** Opening THE DATA block **

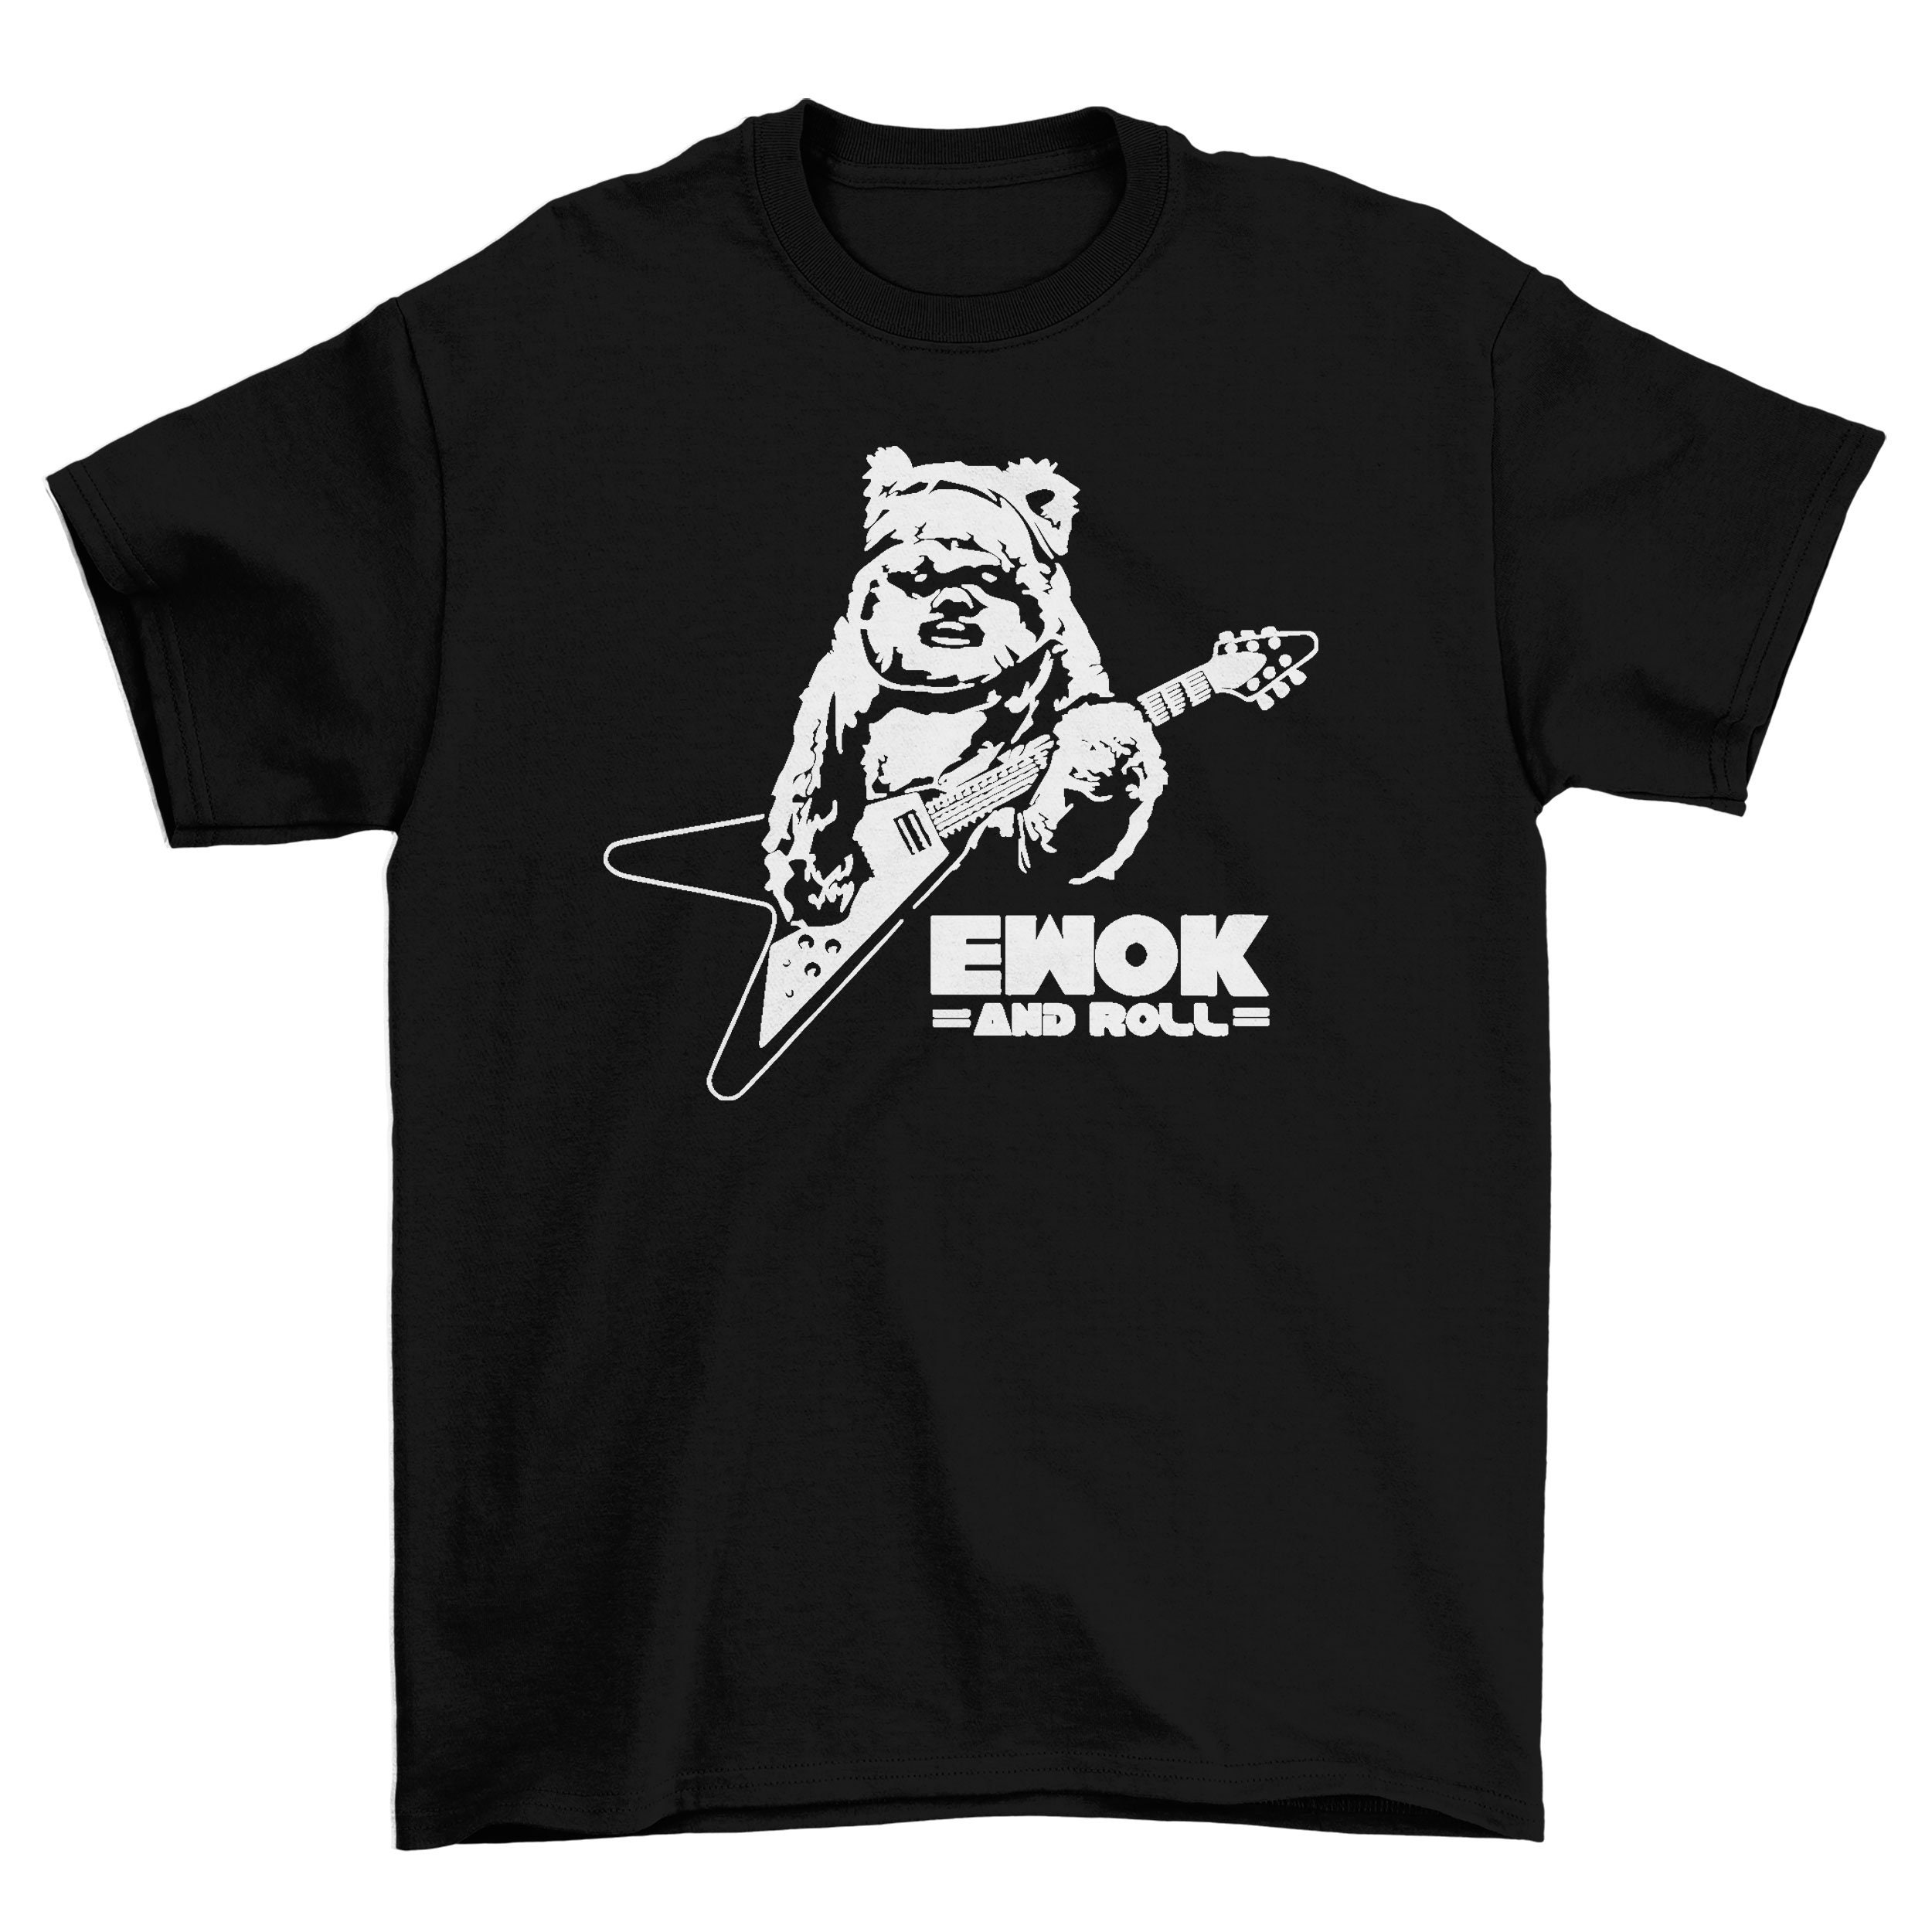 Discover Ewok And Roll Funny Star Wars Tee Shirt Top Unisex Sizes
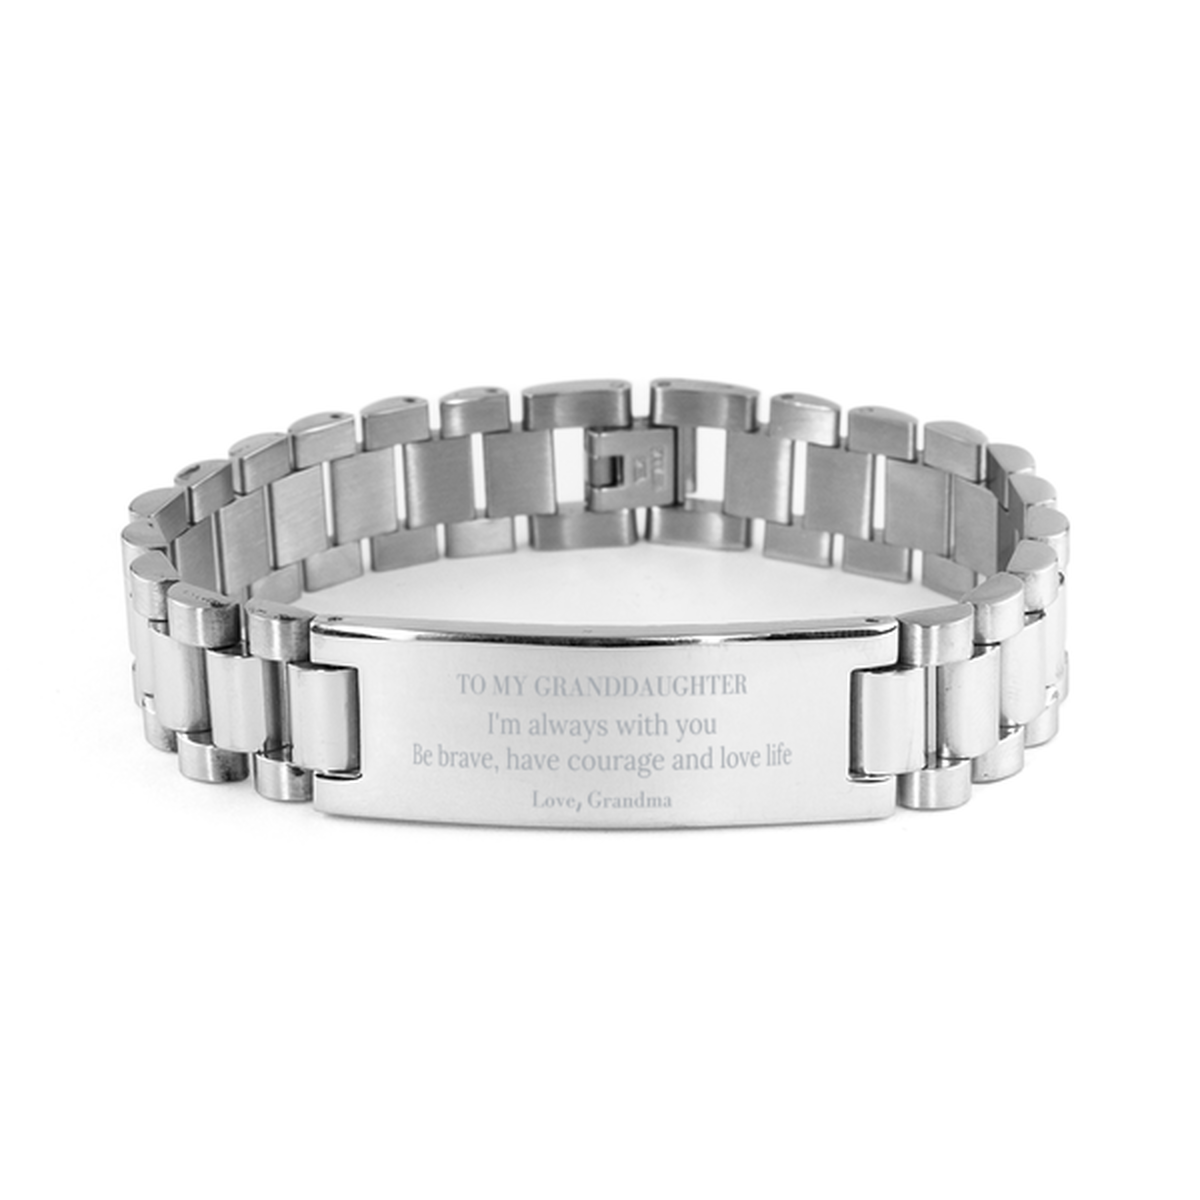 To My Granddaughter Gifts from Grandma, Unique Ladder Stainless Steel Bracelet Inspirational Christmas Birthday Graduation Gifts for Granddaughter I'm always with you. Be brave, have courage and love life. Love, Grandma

** Closing THE DATA block **
** Opening THE DATA block **

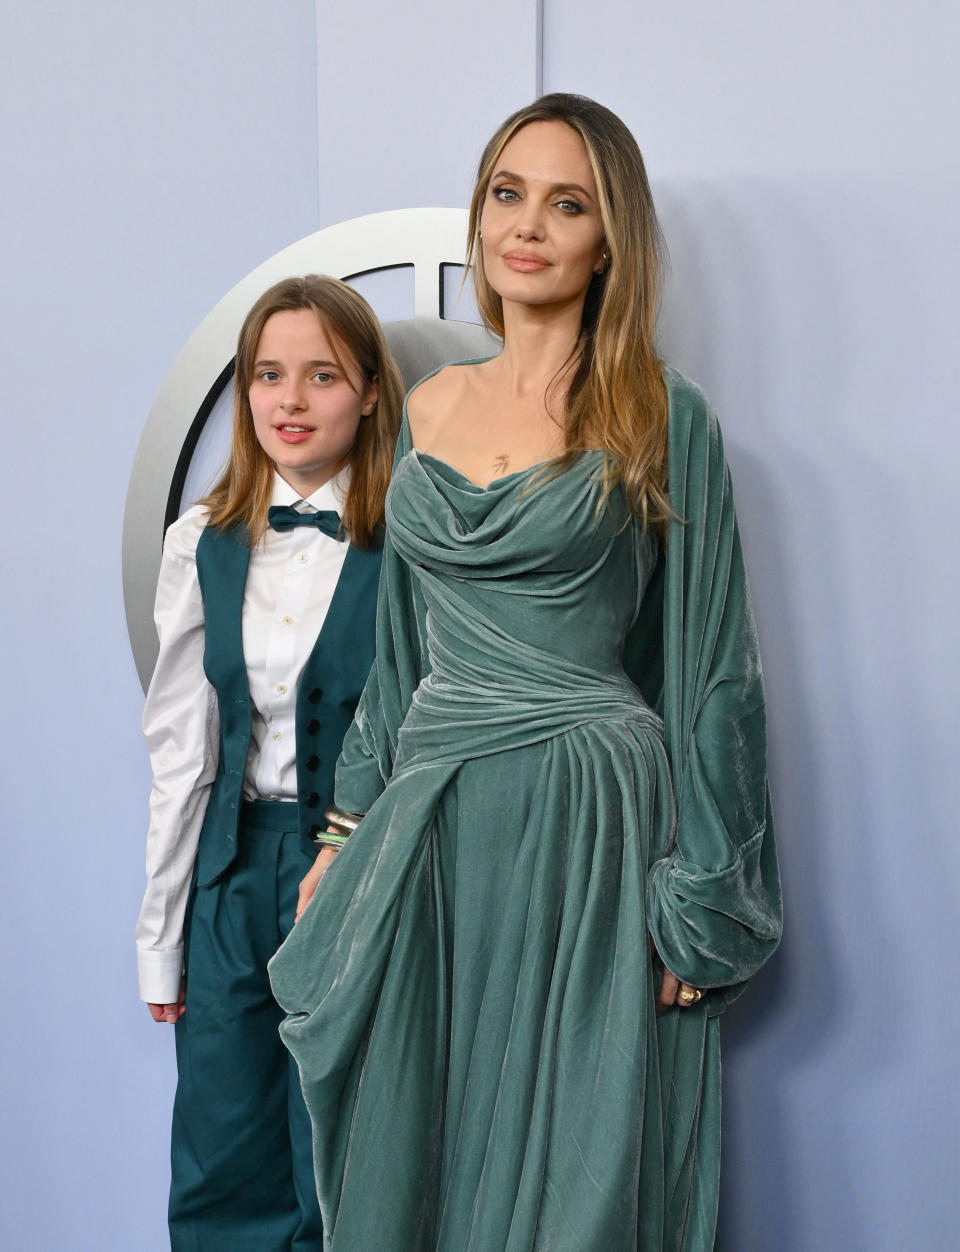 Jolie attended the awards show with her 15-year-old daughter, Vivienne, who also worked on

** Closing THE DATA block **

# ASSIGNMENT
Begin at the line in the entries above that has "Discover Ewok And", stop after the line that has "To My Granddaughter", and output exactly those lines without pictures.

# WORKED SOLUTION
 Discover Ewok And Roll Funny Star Wars Tee Shirt Top Unisex Sizes
 To My Granddaughter Gifts from Grandma, Unique Ladder Stainless Steel Bracelet Inspirational Christmas Birthday Graduation Gifts for Granddaughter I'm always with you. Be brave, have courage and love life. Love, Grandma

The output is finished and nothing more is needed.